Changes to the formula. Beware of the syntax: see update.formula for details.
...
Additional arguments to the call, or arguments with changed values. Use name = NULL to remove the argument name.
evaluate
If TRUE, evaluate the new call else return the call.

Value

An HLCor or HLfit fit of the same type as the input object.

See Also

See also HLCor, HLfit.

Examples

Run this code
data(wafers)
## First the fit to be updated:
wFit <- HLfit(y ~X1*X3+X2*X3+I(X2^2)+(1|batch),family=Gamma(log),
          resid.model = ~ X3+I(X3^2) ,data=wafers)

# For estimates given by Lee et al., Appl. Stochastic Models Bus. Ind. (2011) 27:  315-328:
# Refit with given beta or/and phi values:
 
betavals <- c(5.55,0.08,-0.14,-0.21,-0.08,-0.09,-0.09)
# reconstruct fitted phi value from predictor for log(phi)
Xphi <- with(wafers,cbind(1,X3,X3^2)) ## design matrix
phifit <- exp(Xphi %*% c(-2.90,0.1,0.95))
update(wFit,formula.= . ~ offset(wFit$`X.pv` %*% betavals)+(1|batch),
       ranFix=list(lambda=exp(-3.67),phi=phifit))

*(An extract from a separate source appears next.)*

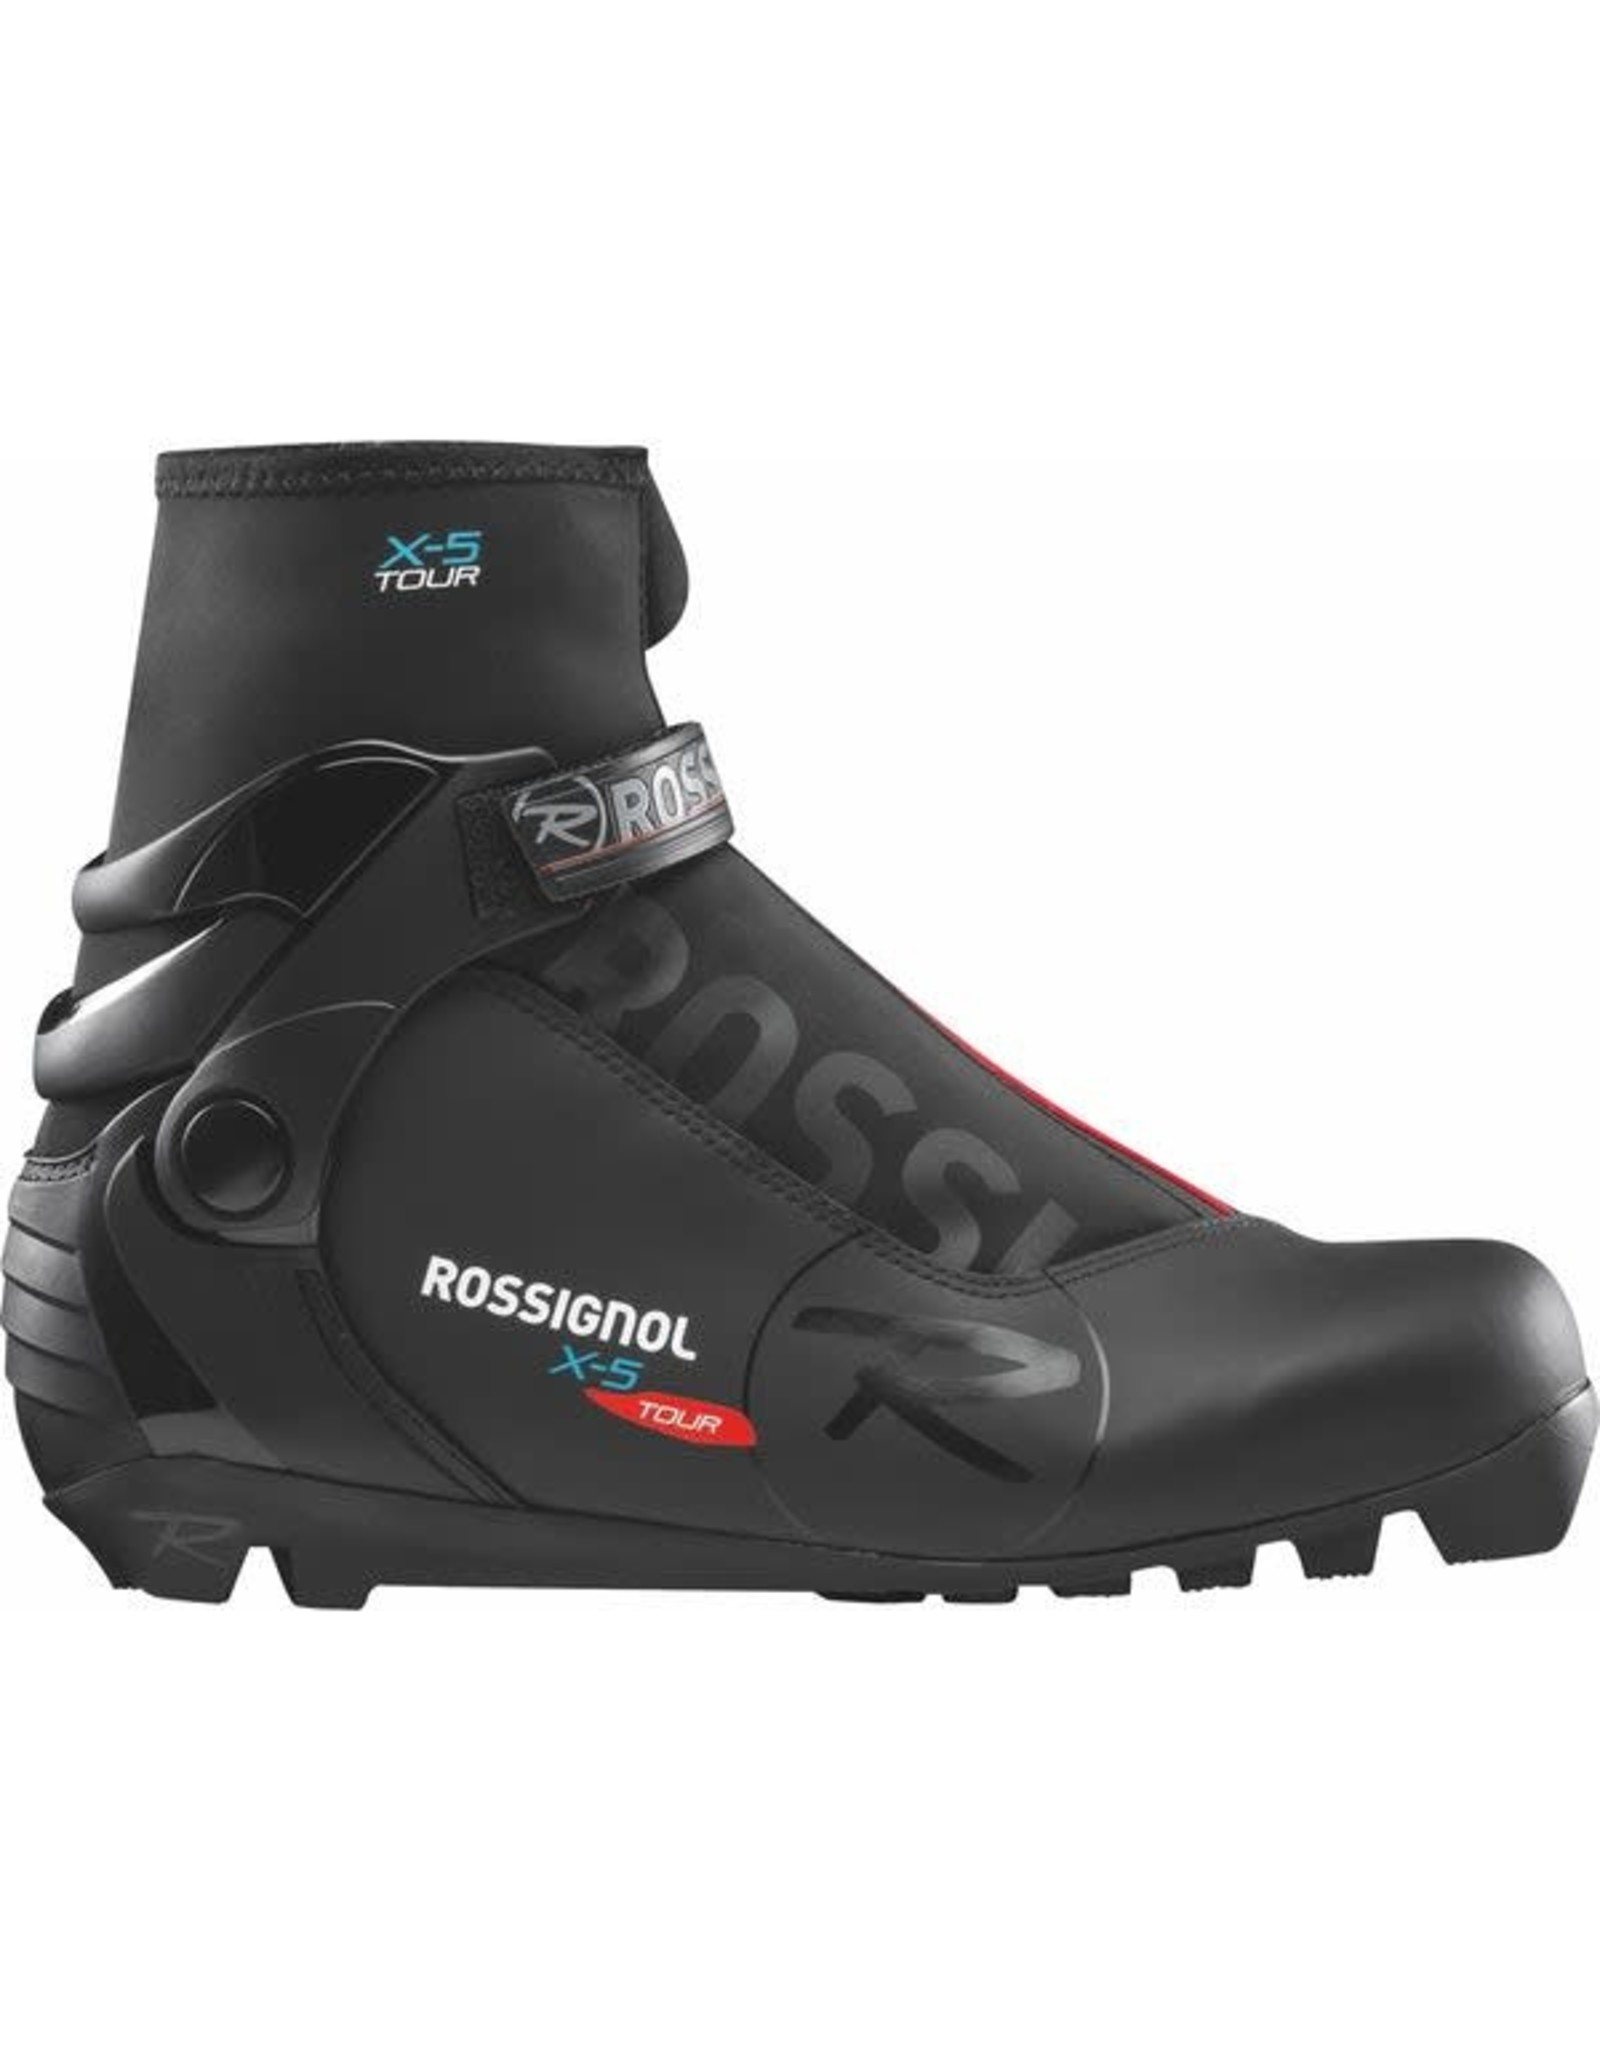 ROSSIGNOL CANADA ROSSIGNOL, Ski Boots, Touring, X-5 2018

## There are subtlety in performing REML fits of constrained models: 
update(wFit,formula.= . ~ offset(wFit$`X.pv` %*% betavals)+(1|batch))
## ... changes the REML correction. Consider instead
update(wFit,formula.= . ~ offset(wFit$`X.pv` %*% betavals)+(1|batch),
       REMLformula=wFit$predictor)
## Alternatively, show original wFit as differences from betavals:  
update(wFit,formula.= . ~ . +offset(wFit$`X.pv` %*% betavals))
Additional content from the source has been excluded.